I think it's really important to watch how the disease evolves in space and time. It is indisputable that nearly one-fifth of patients have early epileptiform activity – that the hippocampus is hyperactive in many patients with early Alzheimer's disease – and that, when they interact with the outside world, their default mode network often does not default, it would normally do so. So there is plenty of evidence of increased activity.

At the same time, we have long known that the brain is silent later on during the course of the disease – studies show a decrease in metabolism and blood flow.

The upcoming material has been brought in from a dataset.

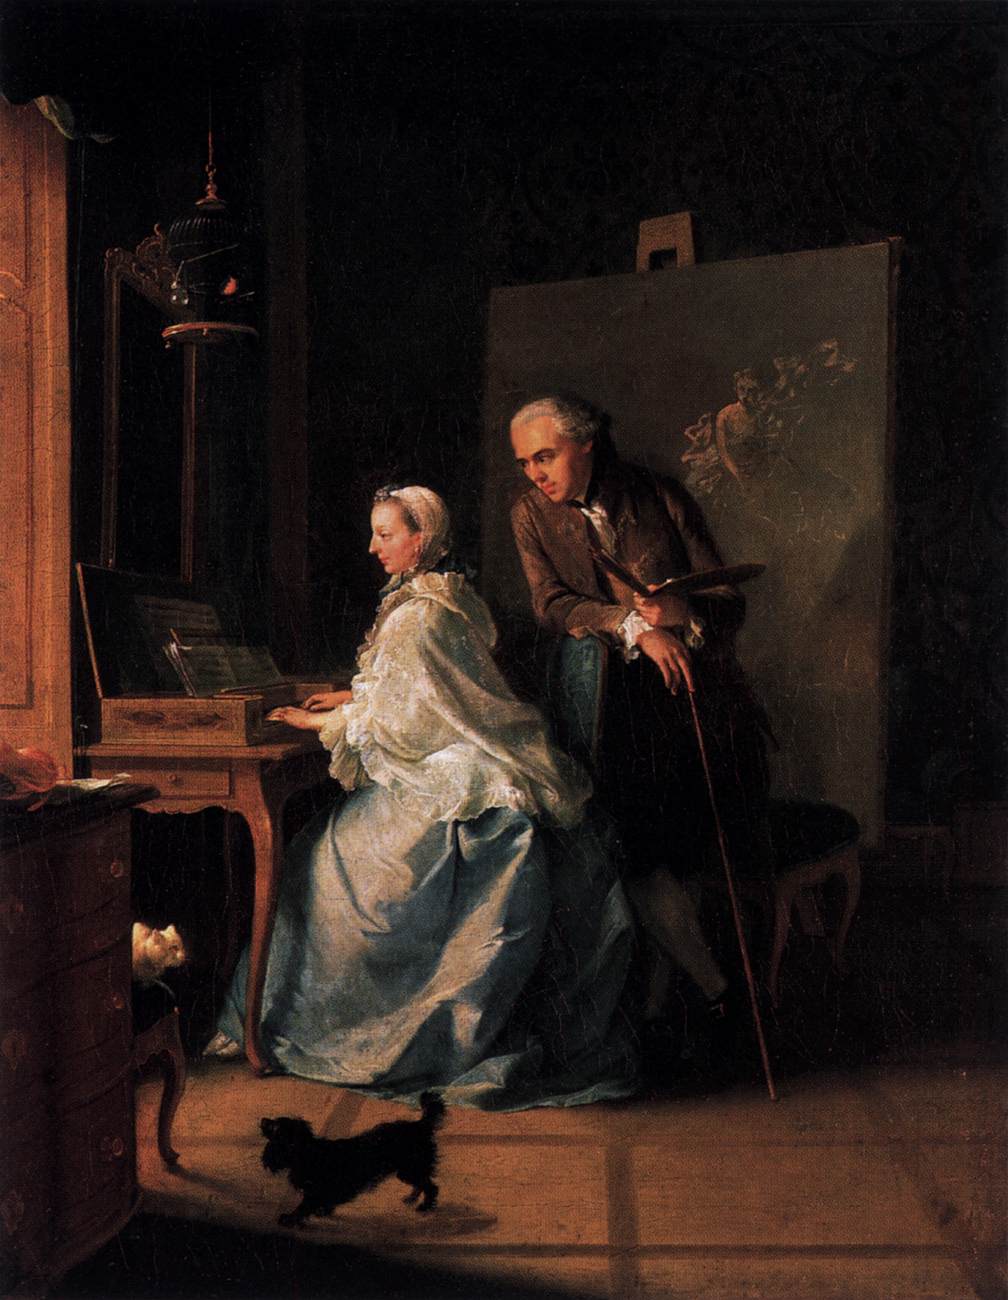 Portrait de l'artiste et de sa femme dans la spineta

We currently have a simple model based on what we see in the patients' brains. The amyloid plaques appear first and as long as we have mainly β-amyloid protein, we expect an increase in hyperactivity. Then, when tau begins to spread, it will gradually become dominant and more and more nerve cells will be silenced. This silence can be reversible – in mice, at least, these cells are not dead, but at rest. However, to prevent or even fix this situation, I think we will most likely have to target both proteins at the same time.